··· Collected data ···

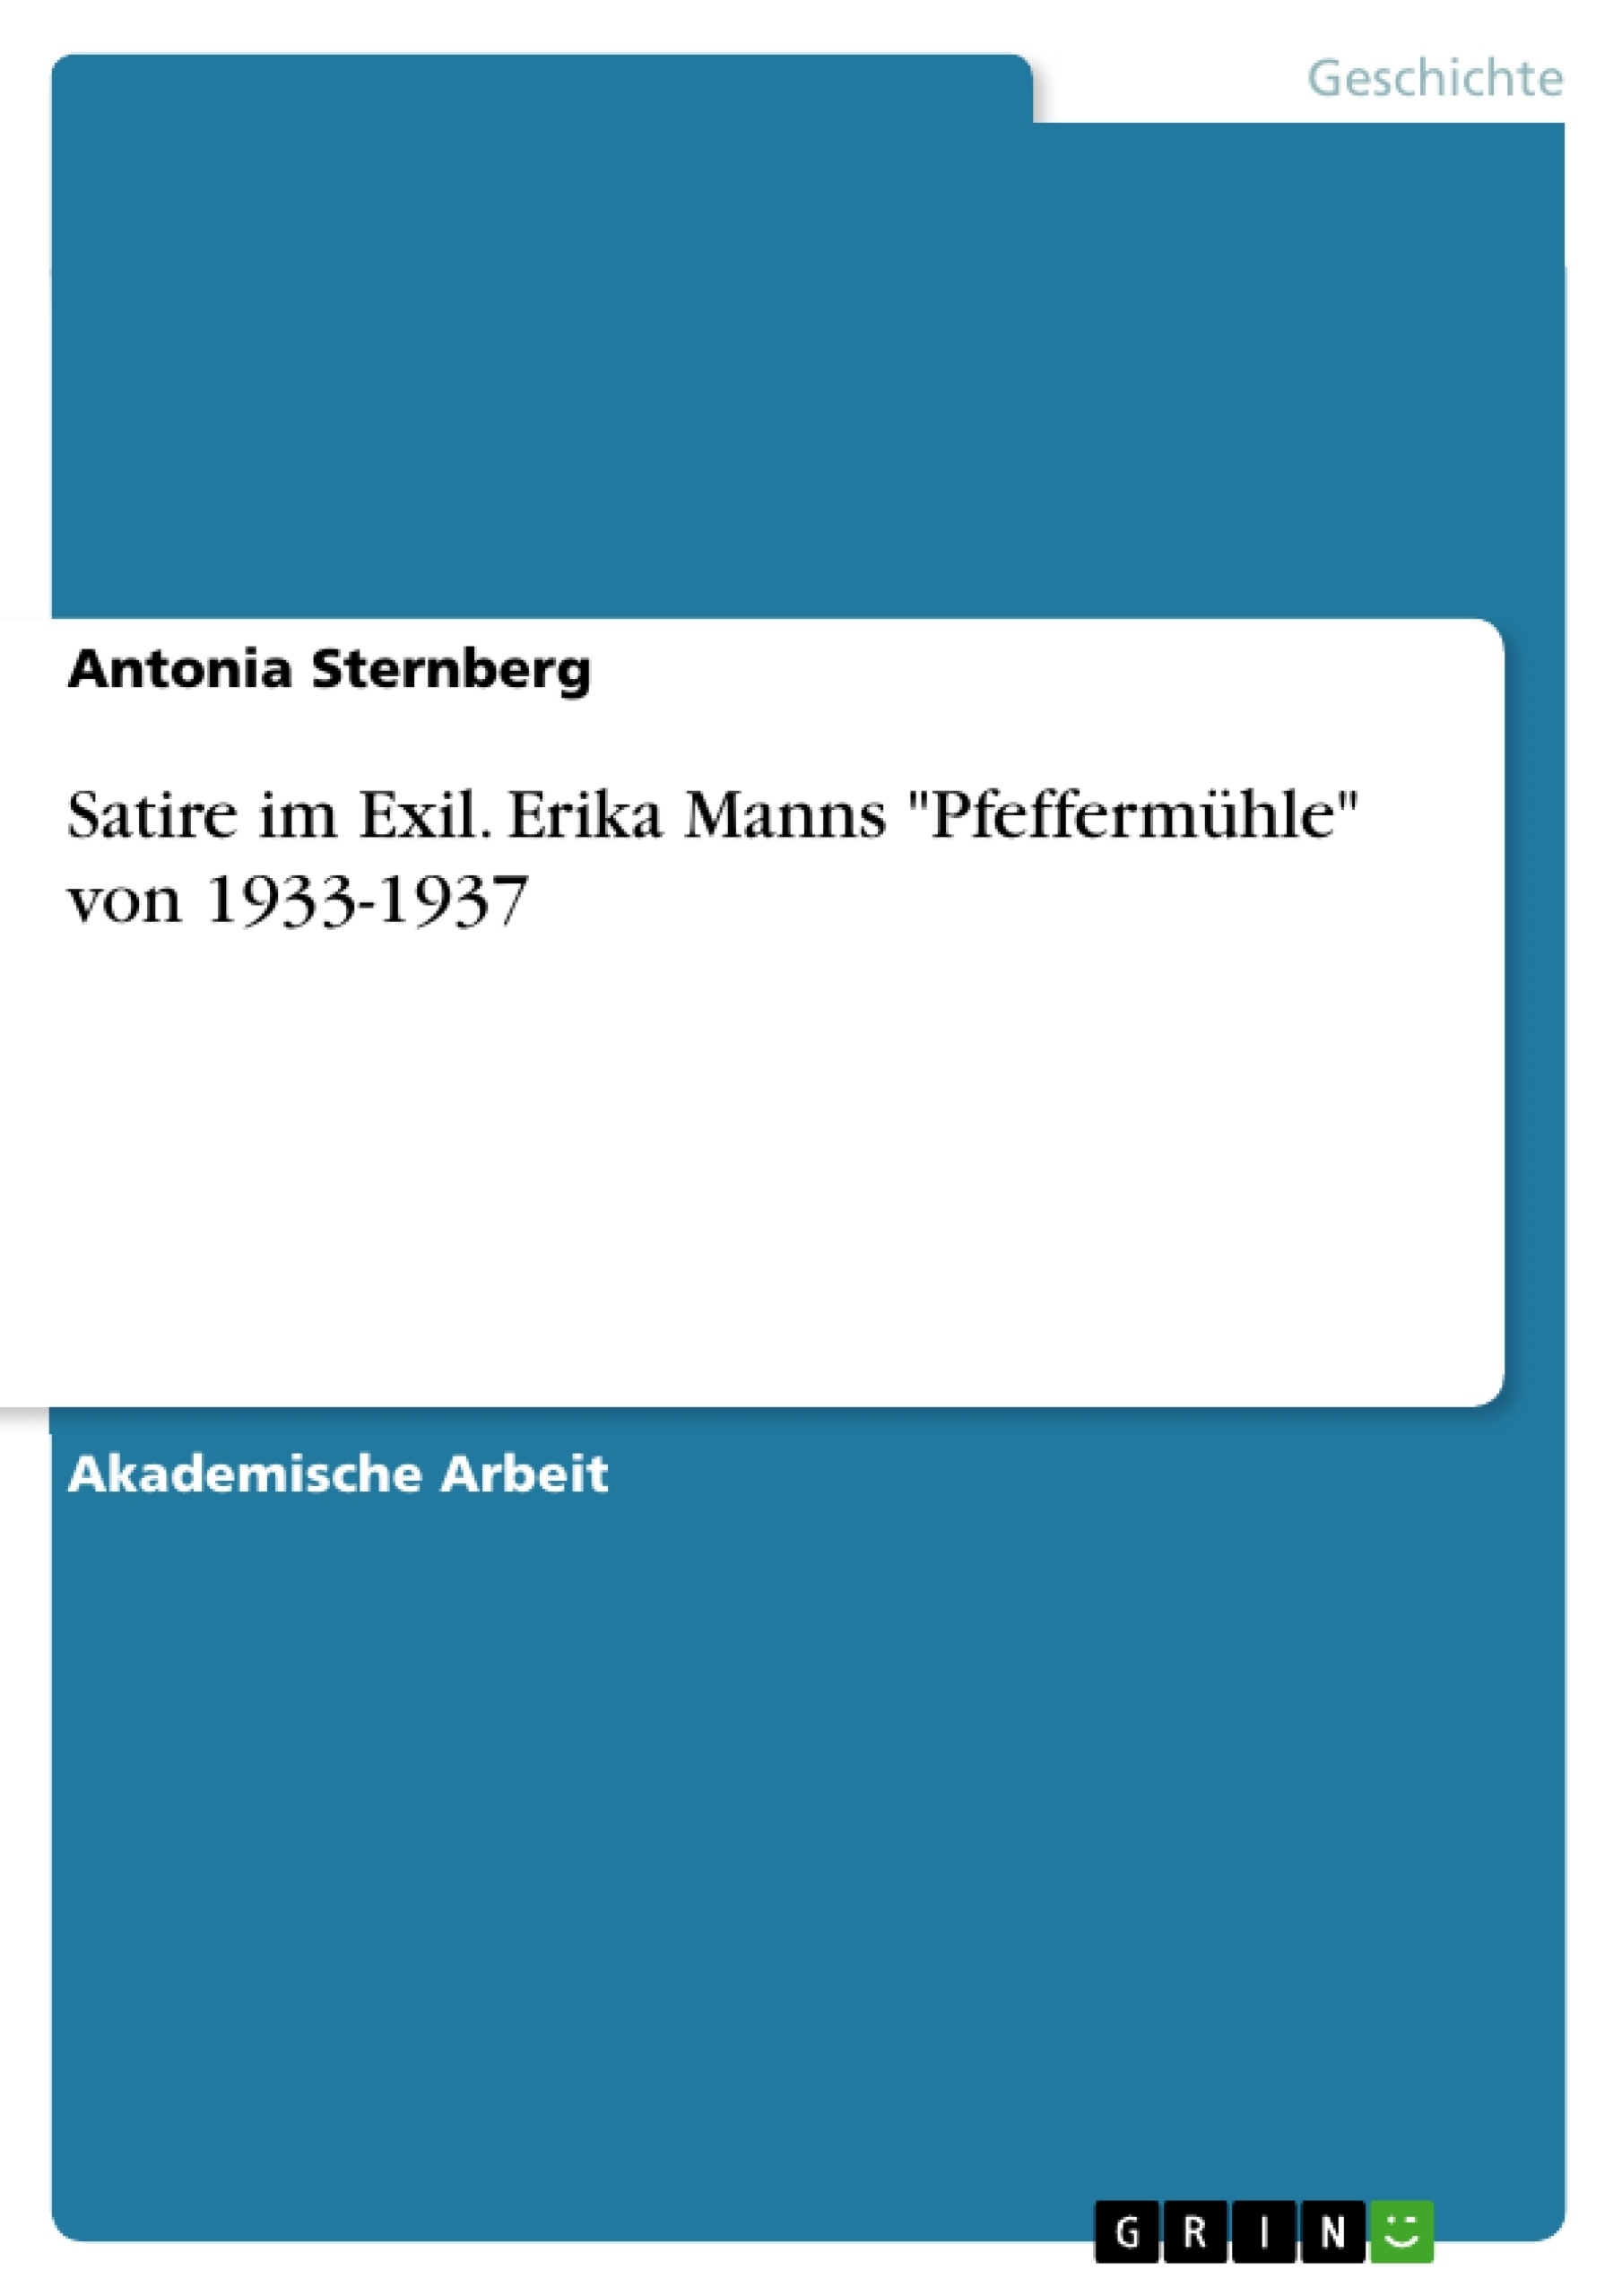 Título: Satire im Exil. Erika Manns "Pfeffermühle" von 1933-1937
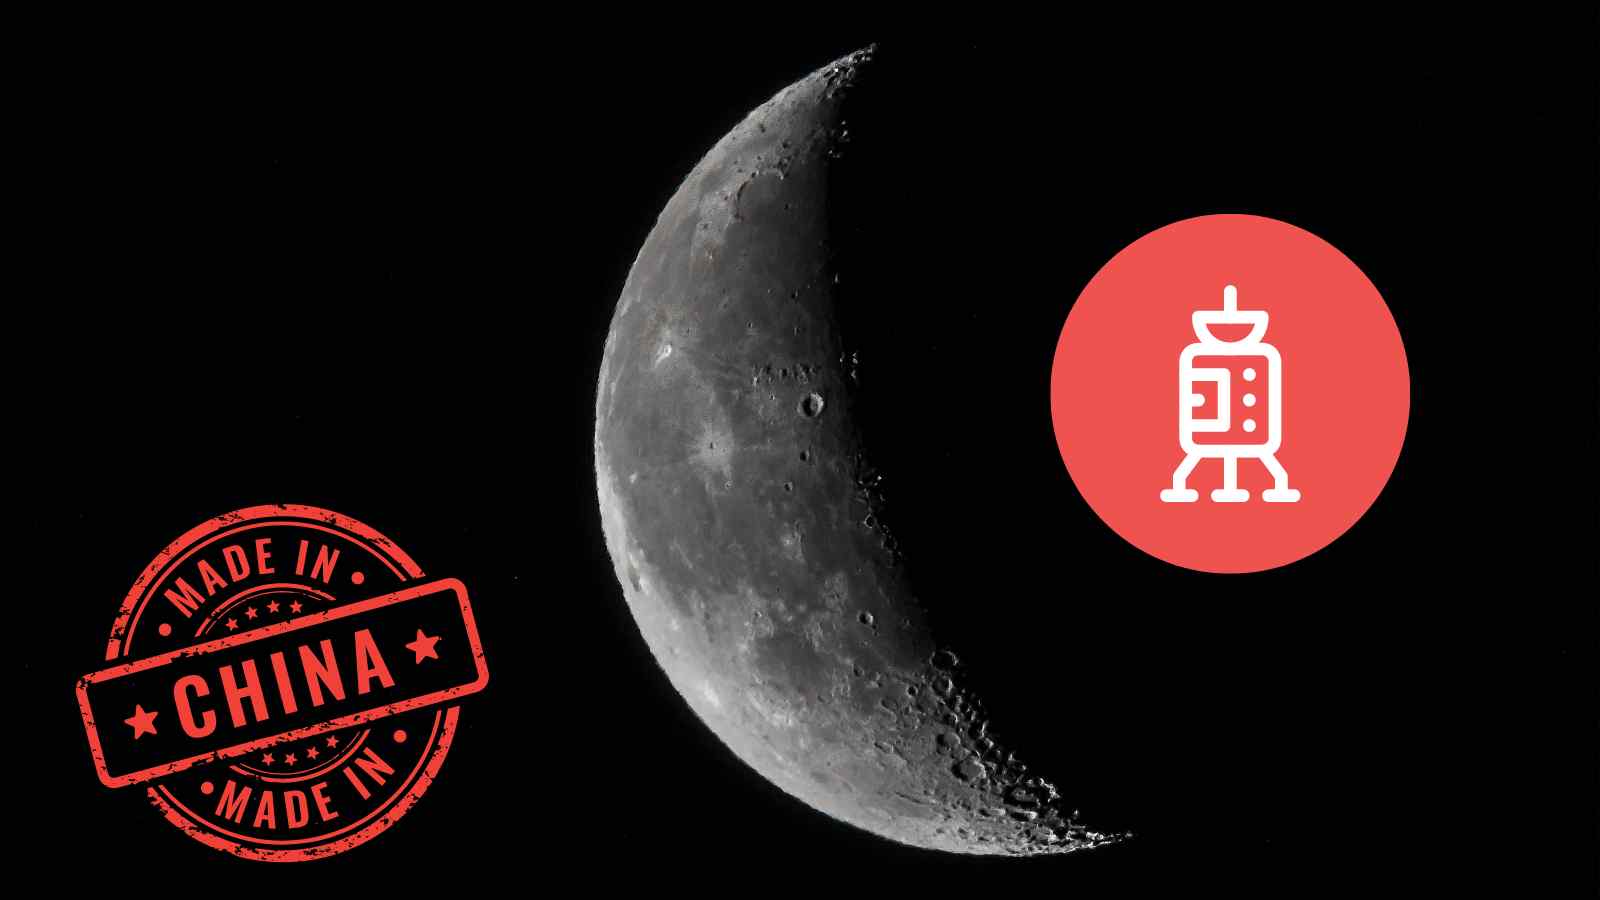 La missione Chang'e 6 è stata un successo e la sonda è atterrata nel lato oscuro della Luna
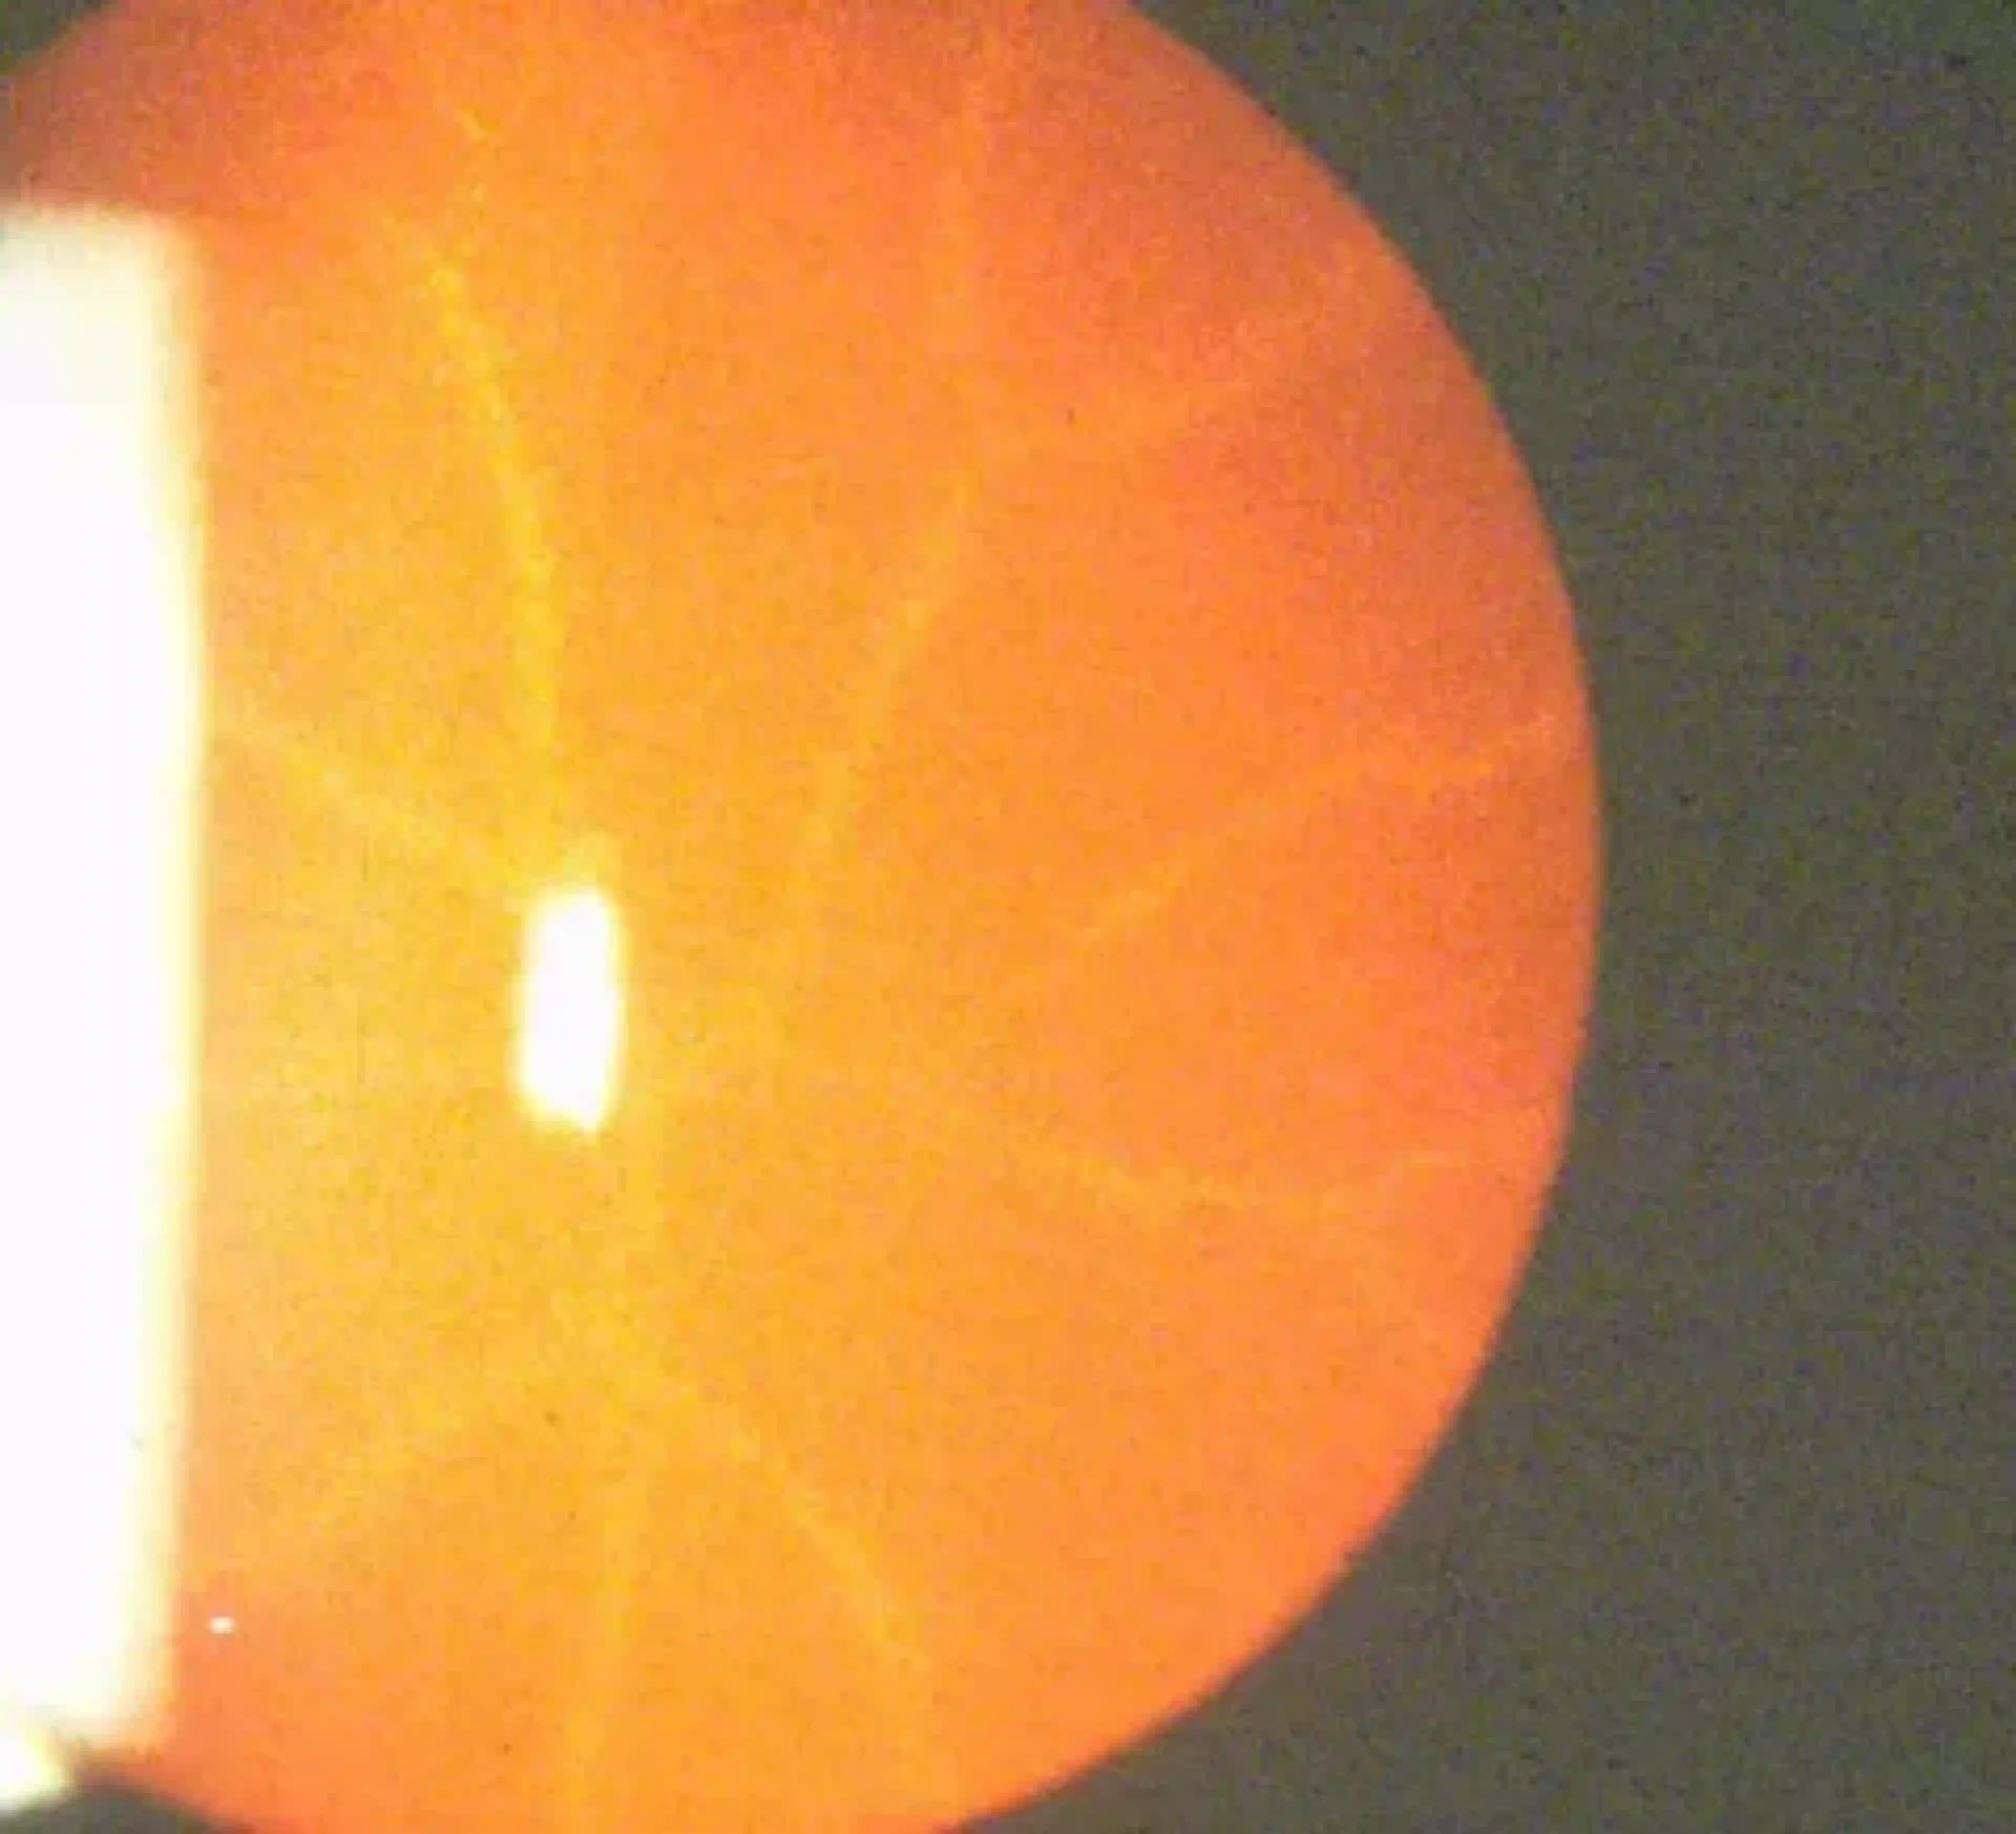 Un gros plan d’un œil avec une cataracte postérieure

···

• Work to be completed: In your copy of the listing above, reproduce each line exactly and omit all pictures.

• Response for this exercise:
 Título: Satire im Exil. Erika Manns "Pfeffermühle" von 1933-1937
 La missione Chang'e 6 è stata un successo e la sonda è atterrata nel lato oscuro della Luna
 Un gros plan d’un œil avec une cataracte postérieure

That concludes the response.